Methods: Luciferase-expressing GBM6 cells were implanted intracranially in nu/nu immunodeficient mice to model GBM in two experiments. First, bioluminescence assays (BLIs) characterized tumor growth postoperatively in cohorts administered LPS-PMNPs, inert PNMPs (OA-PMNP), or saline intravenously at four weeks. Magnets were positioned external to the tumor for one hour post-injection. Subsequent BLIs trended tumor growth with survival. The second experiment involved LPS-PMNPs, OA-PMNPs, or saline injection postoperatively, followed by magnetic localization. Afterwards, Evans blue dye (EBD) was administered as an albumin-bound marker of BBB breakdown. The mice were perfused, the tumors homogenized, and the dye extracted for spectrophotometric assessment.

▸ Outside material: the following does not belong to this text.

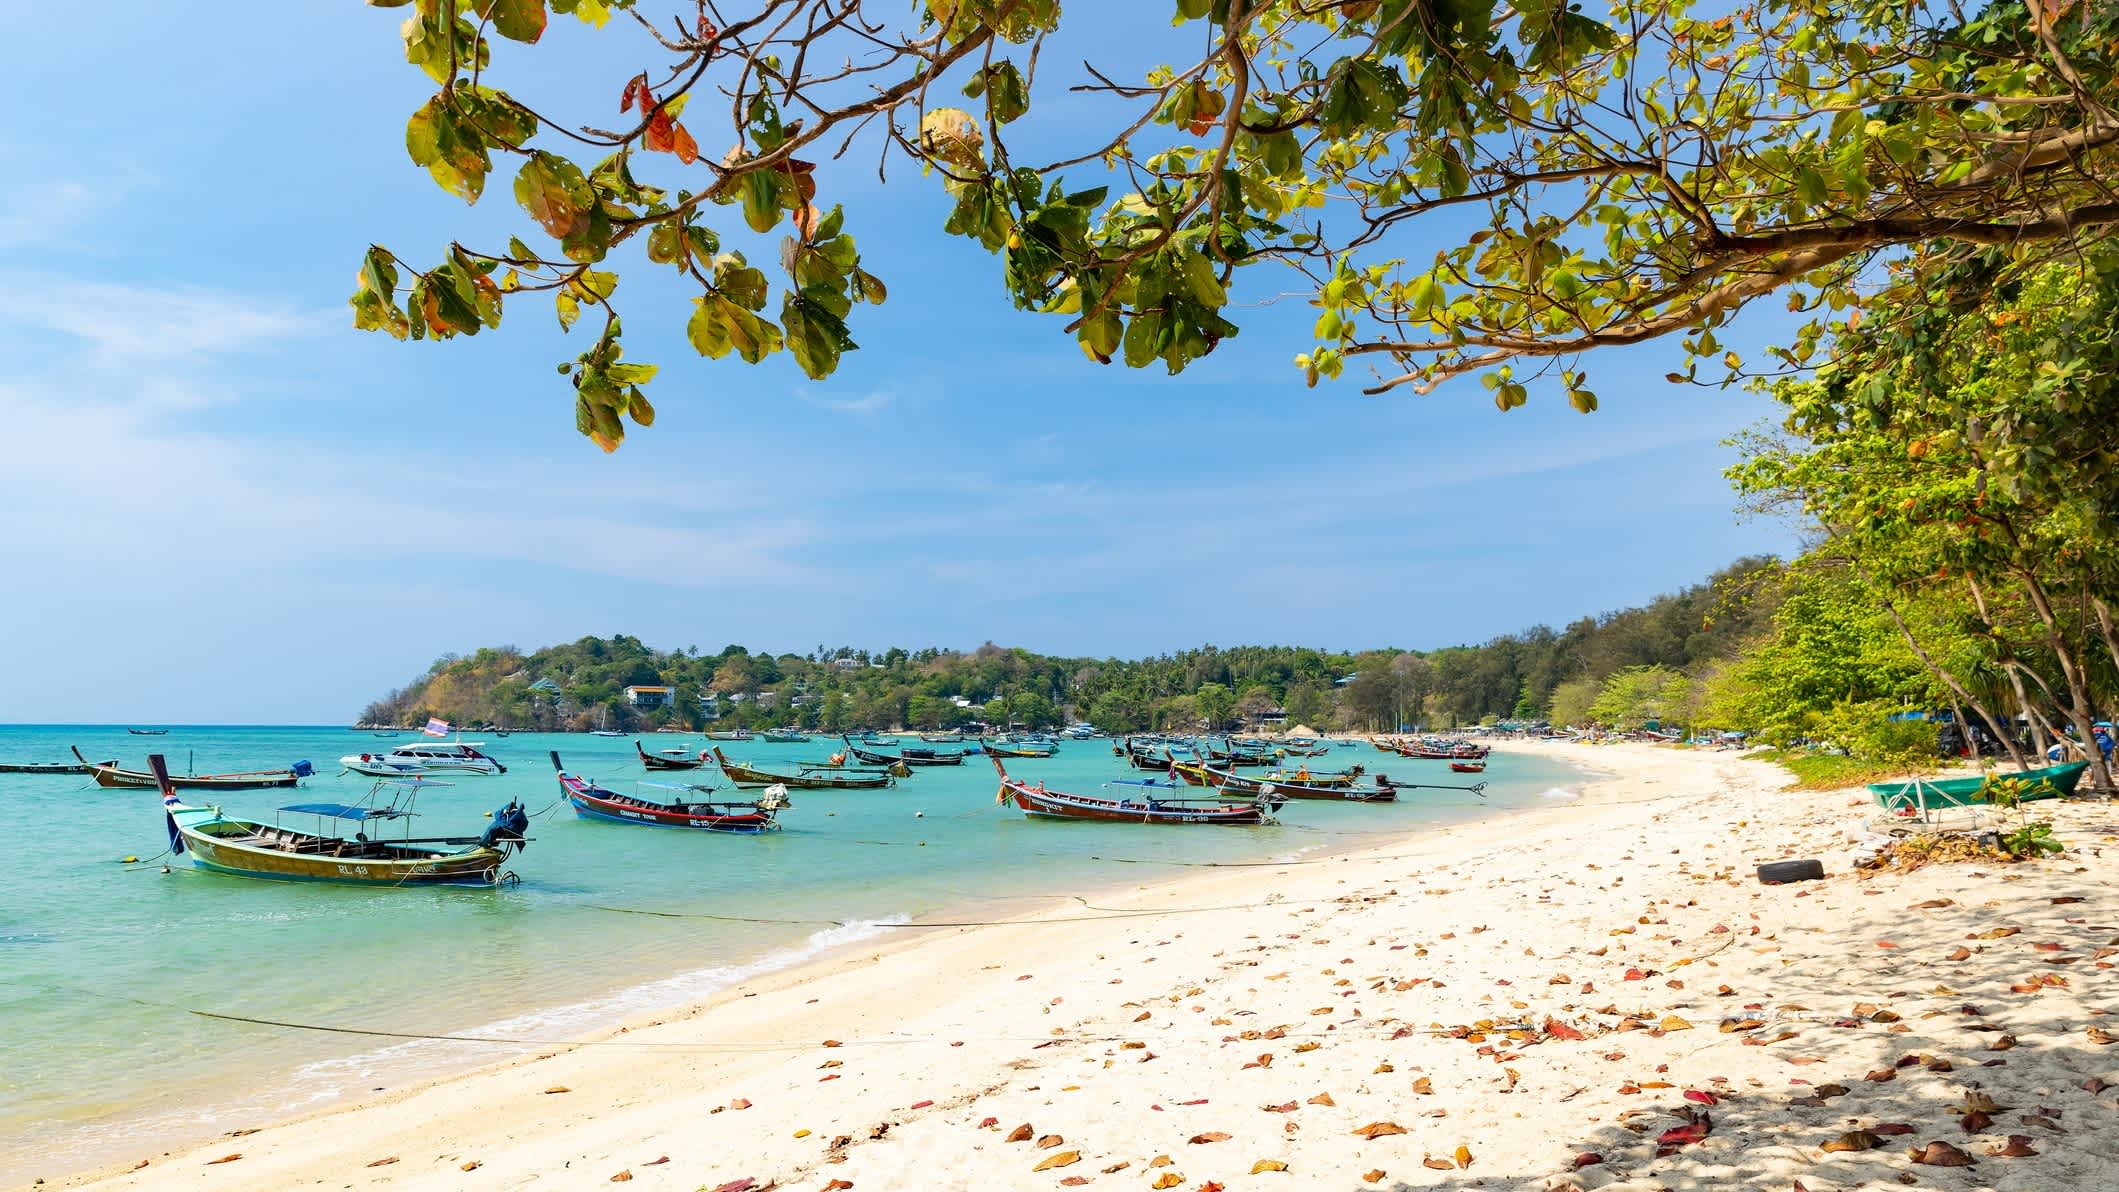 Blick auf den Rawai Beach, Phuket, mit Laubbaum und traditionellen Holzbooten auf dem türkisblauen Meer.

Results: Tumor size doubled every 5.8 days, and mice expired at a mean 52 days. LPS-PMNPs reduced BLI signal three days post-injection compared to both OA-PMNPs and saline (p=.02). This effect was reversed six days post-injection (p=0.39). EBD was significantly extravasated in LPS-PMNP-treated tumors compared to all other tumors (p=.011). No immediate particle-associated adverse reactions occurred and survival was similar between all groups (p=0.27) with a trend toward survival between the LPS group and highest-dose PMNP group (53.5 vs. 47.8 days, p=0.12).

Conclusions: The BBB can be safely and reversibly disrupted for targeted permeability of large molecules in a GBM model. LPS induces transient disruption of bioluminescence of tumors and increases tumor absorption of albumin-bound EBD. Future work will start with packaging known chemotherapeutics not normally BBB permeable in LPS-PMNPs to determine delivery efficacy and anti-neoplastic effects on survival.

Patient Care: This research may open additional avenues for therapeutic delivery which may not have been considered by other researchers. This work establishes a groundwork for blood brain barrier disruption and therapeutic delivery in the future in this model of glioblastoma. If safe and effective, the use of these particles packaged with therapeutics may be trialed in humans in the future.

Learning Objectives: By the conclusion of this session, participants should be able to: 1) Describe the importance of blood brain barrier breakdown for the delivery of therapeutics in glioblastoma, 2) Discuss, in small groups, strategies for therapeutic penetration in glioblastoma and determine mechanisms for LPS effects on tumor and endothelial cells, 3) Identify an effective treatment for blood brain barrier impermeability and strategize possible glioblastoma treatments in the future.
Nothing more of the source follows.